**Data**
—————

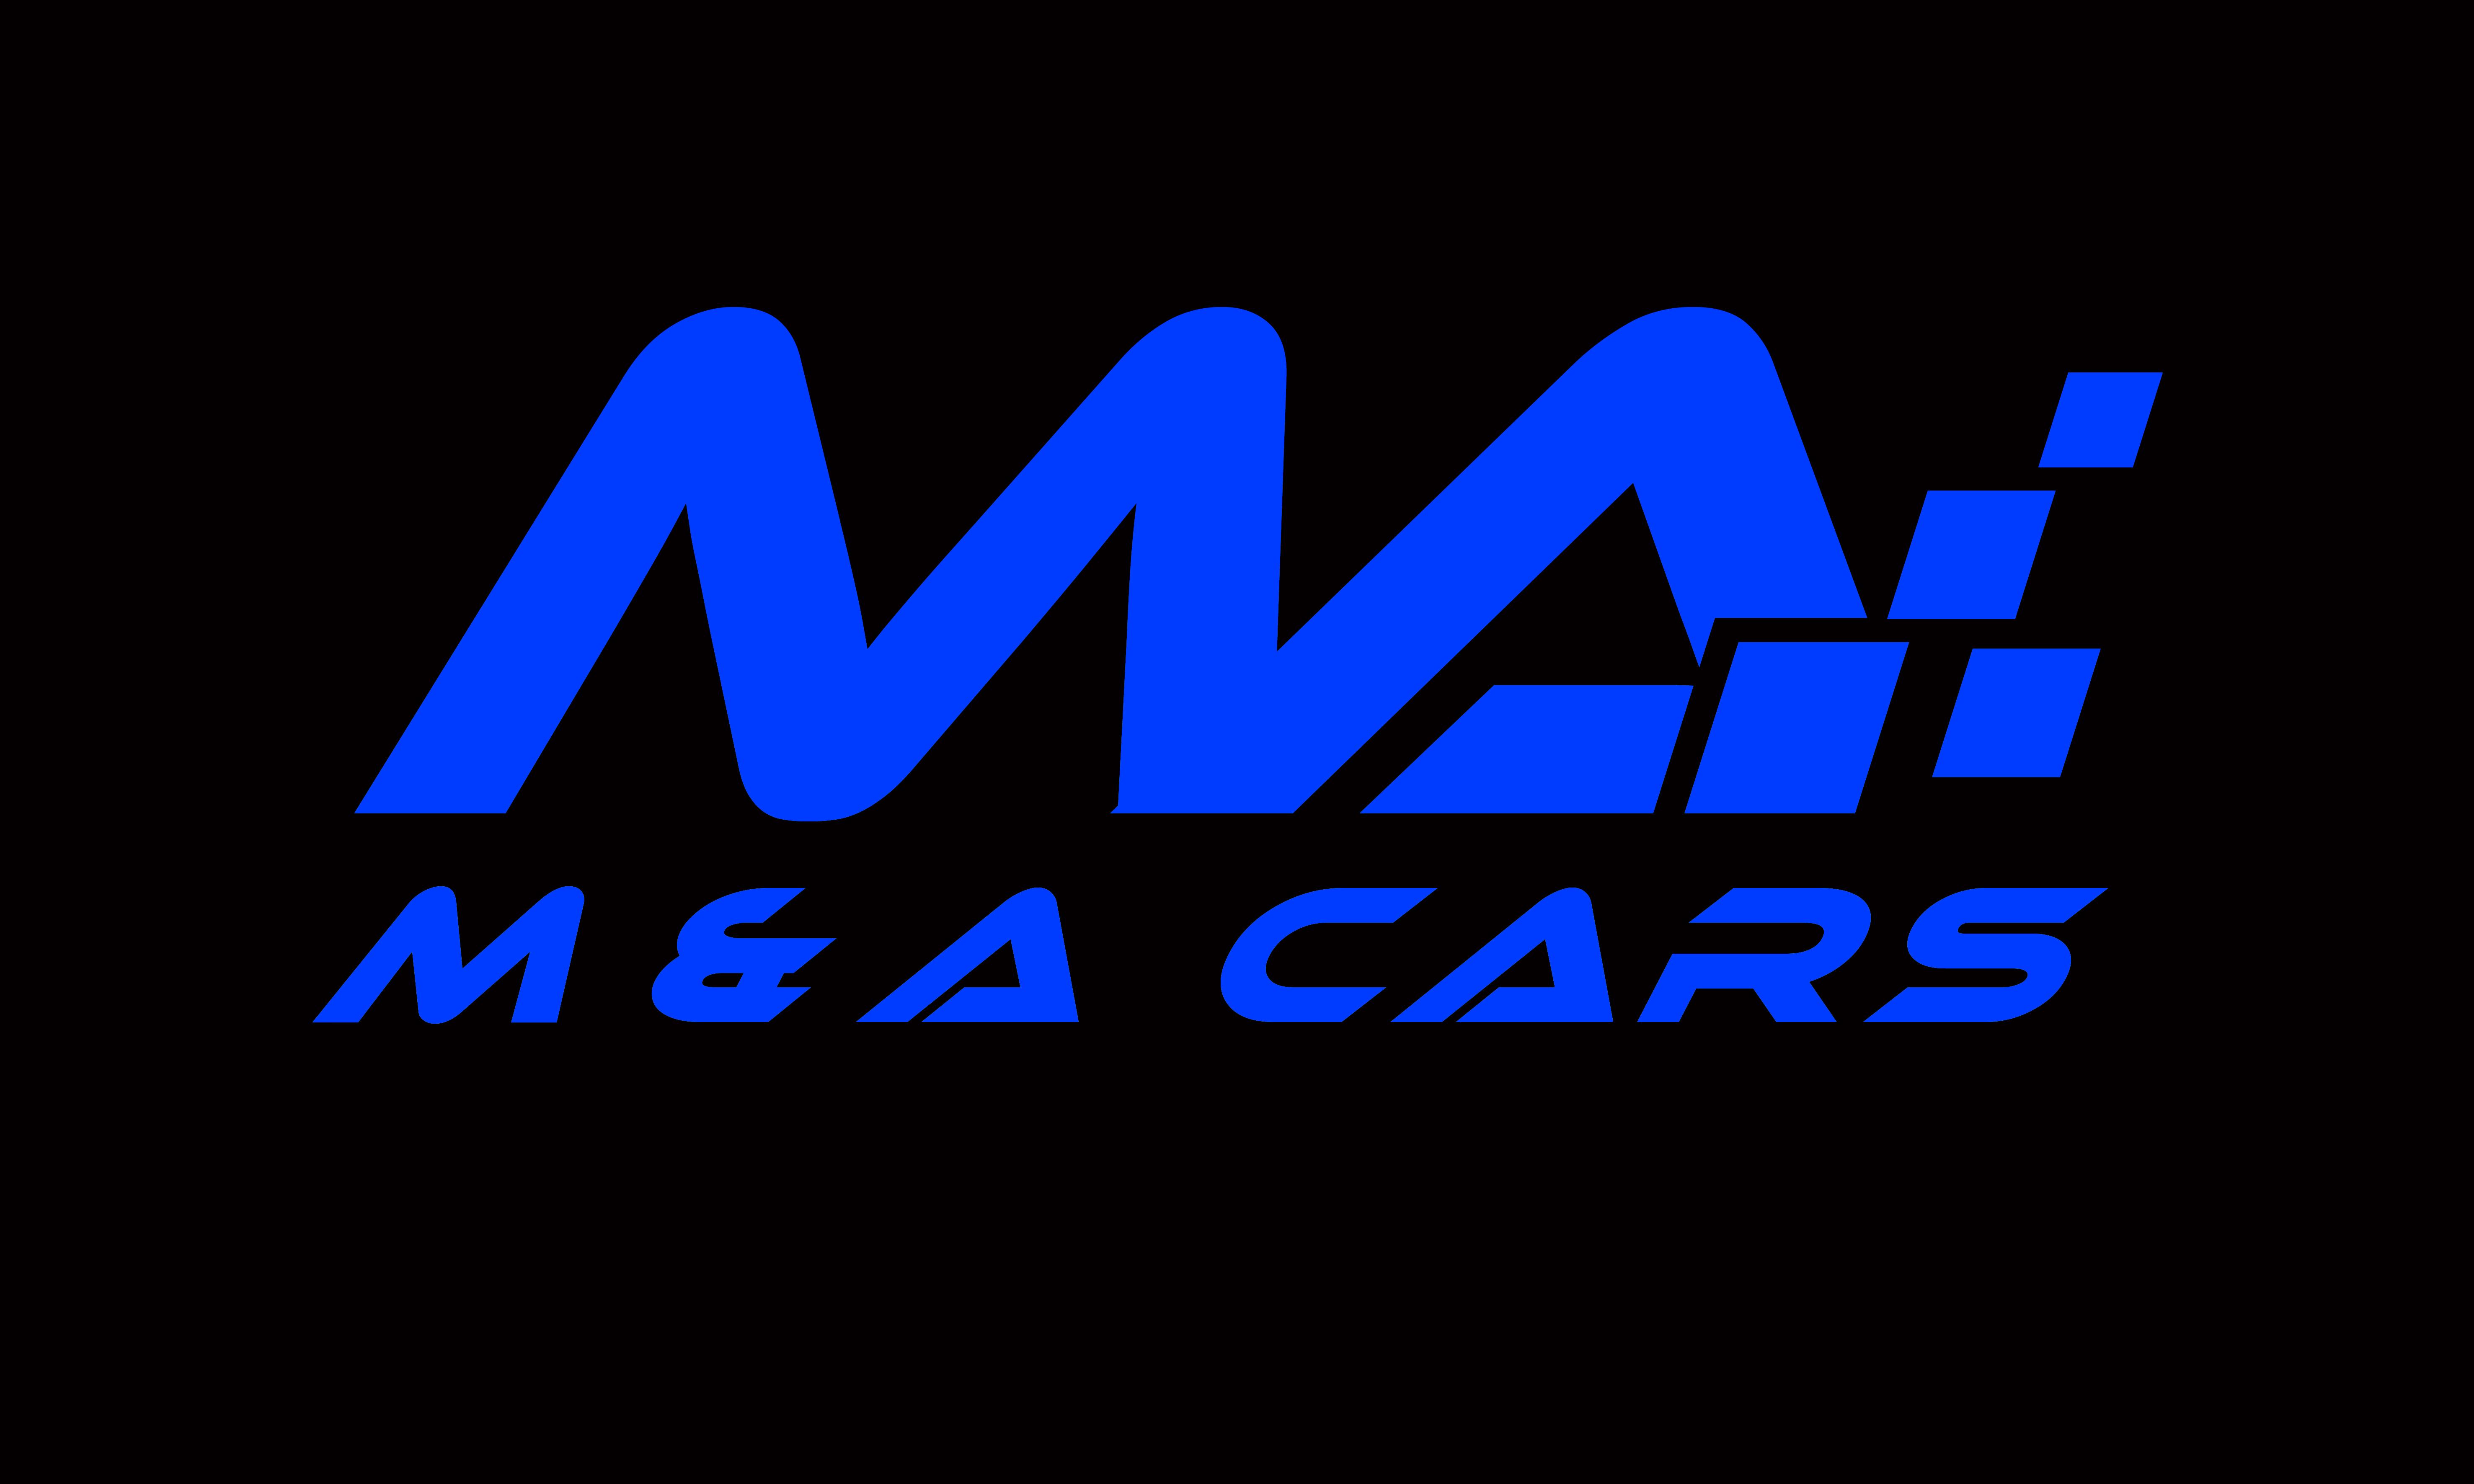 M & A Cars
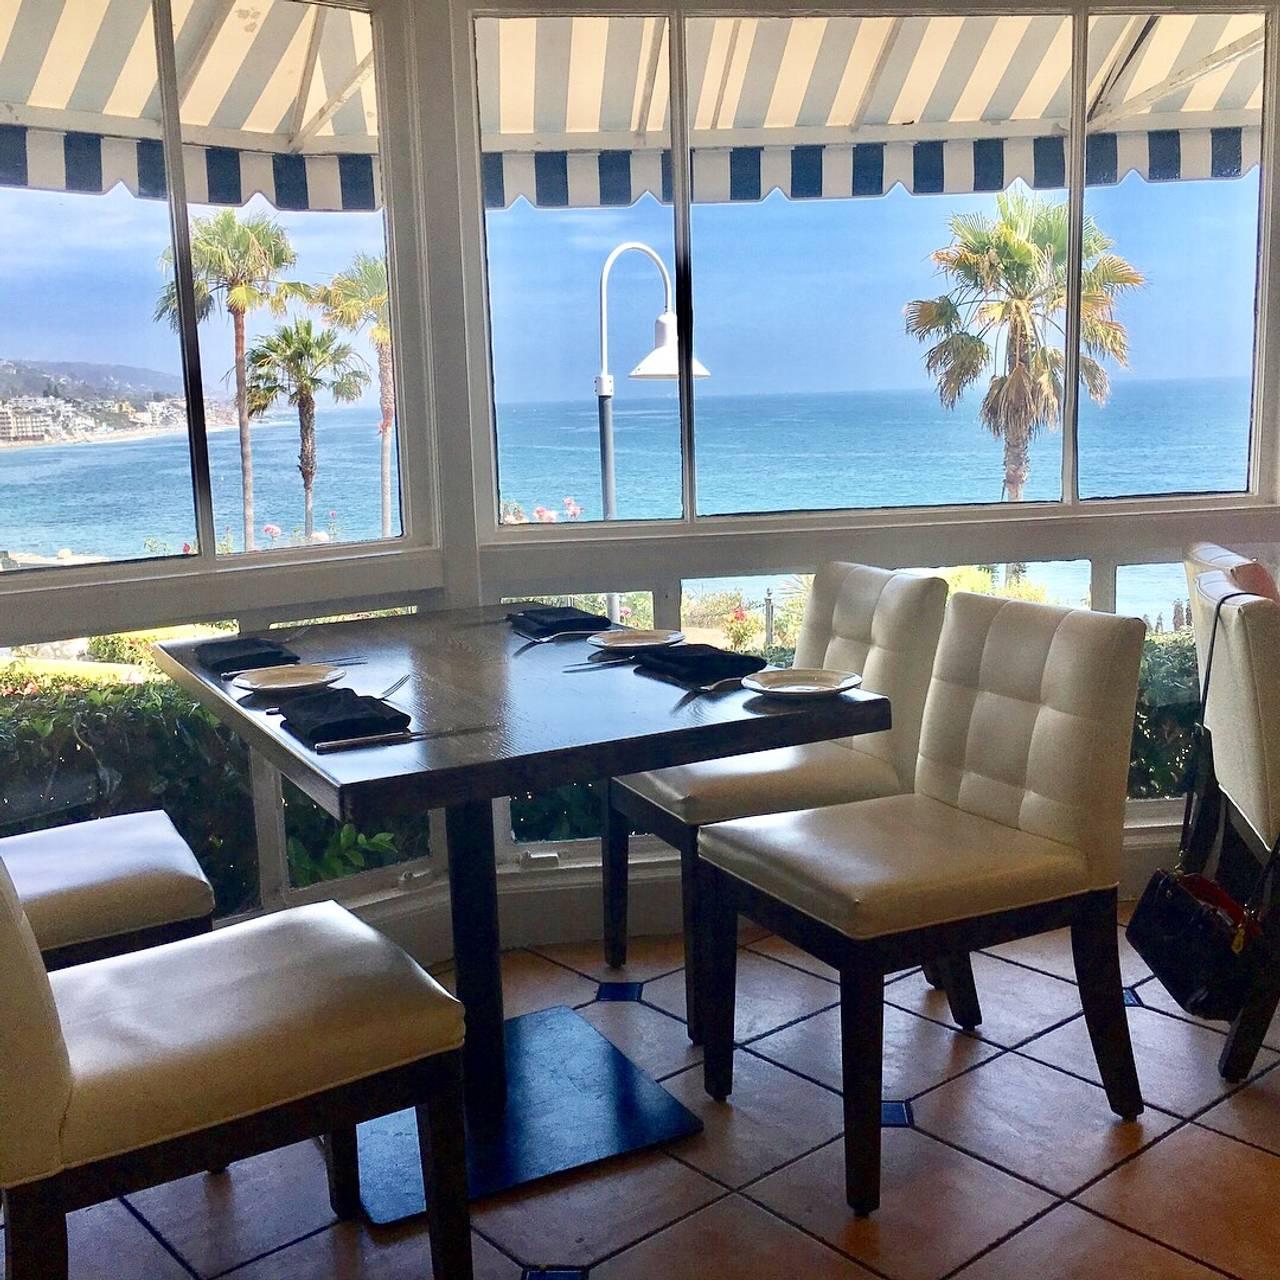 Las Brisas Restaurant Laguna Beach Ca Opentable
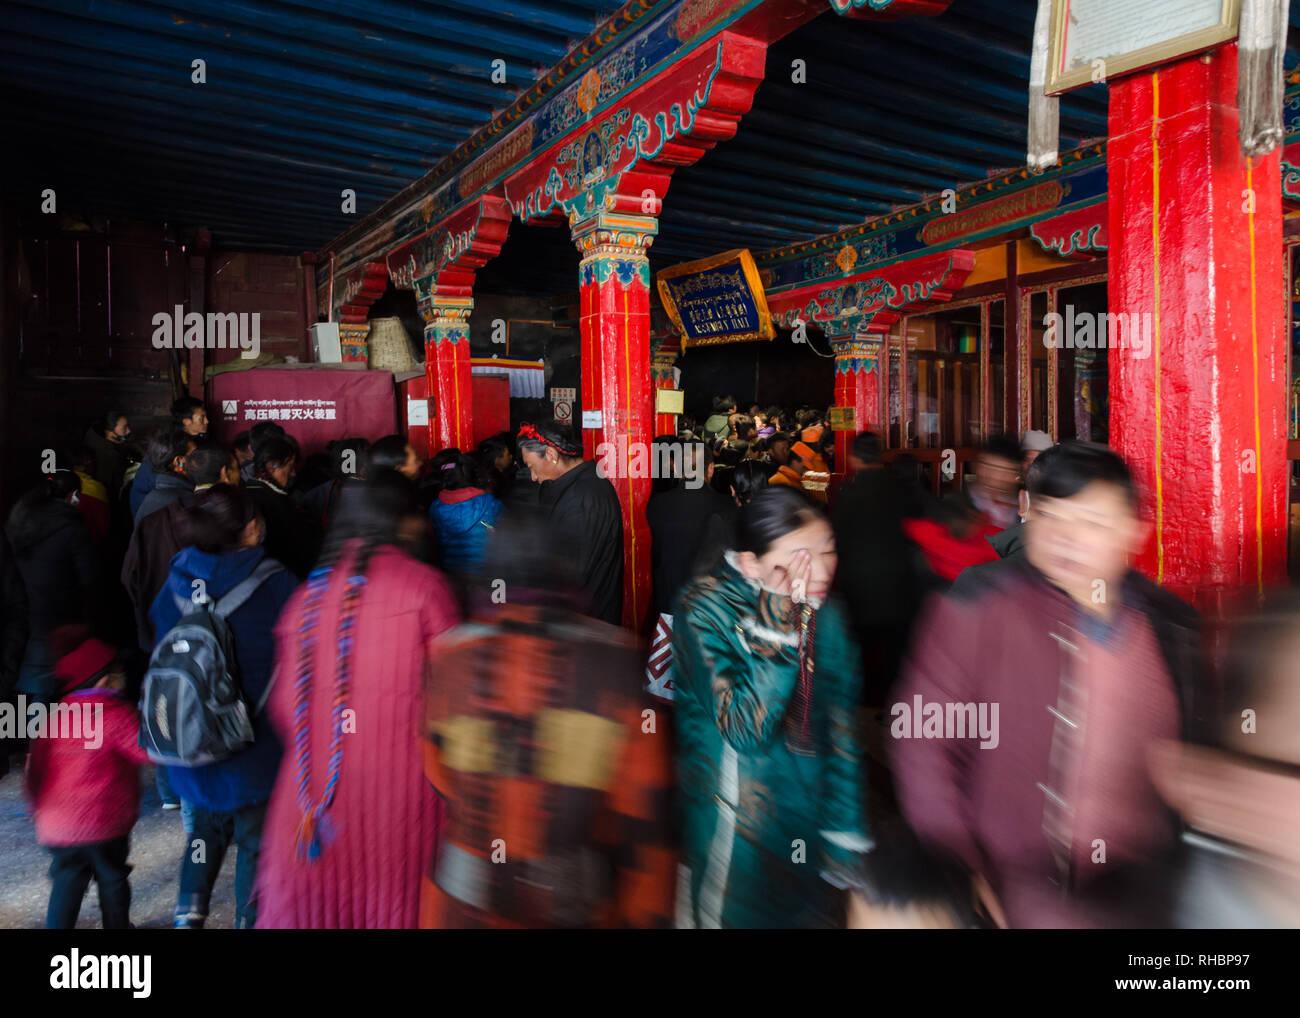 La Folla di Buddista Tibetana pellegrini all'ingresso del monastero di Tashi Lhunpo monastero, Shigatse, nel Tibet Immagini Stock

—————

**Your objective**
Set down the material exactly as given, but print none of the pictures.

**Your response**
 M & A Cars
 Las Brisas Restaurant Laguna Beach Ca Opentable
 La Folla di Buddista Tibetana pellegrini all'ingresso del monastero di Tashi Lhunpo monastero, Shigatse, nel Tibet Immagini Stock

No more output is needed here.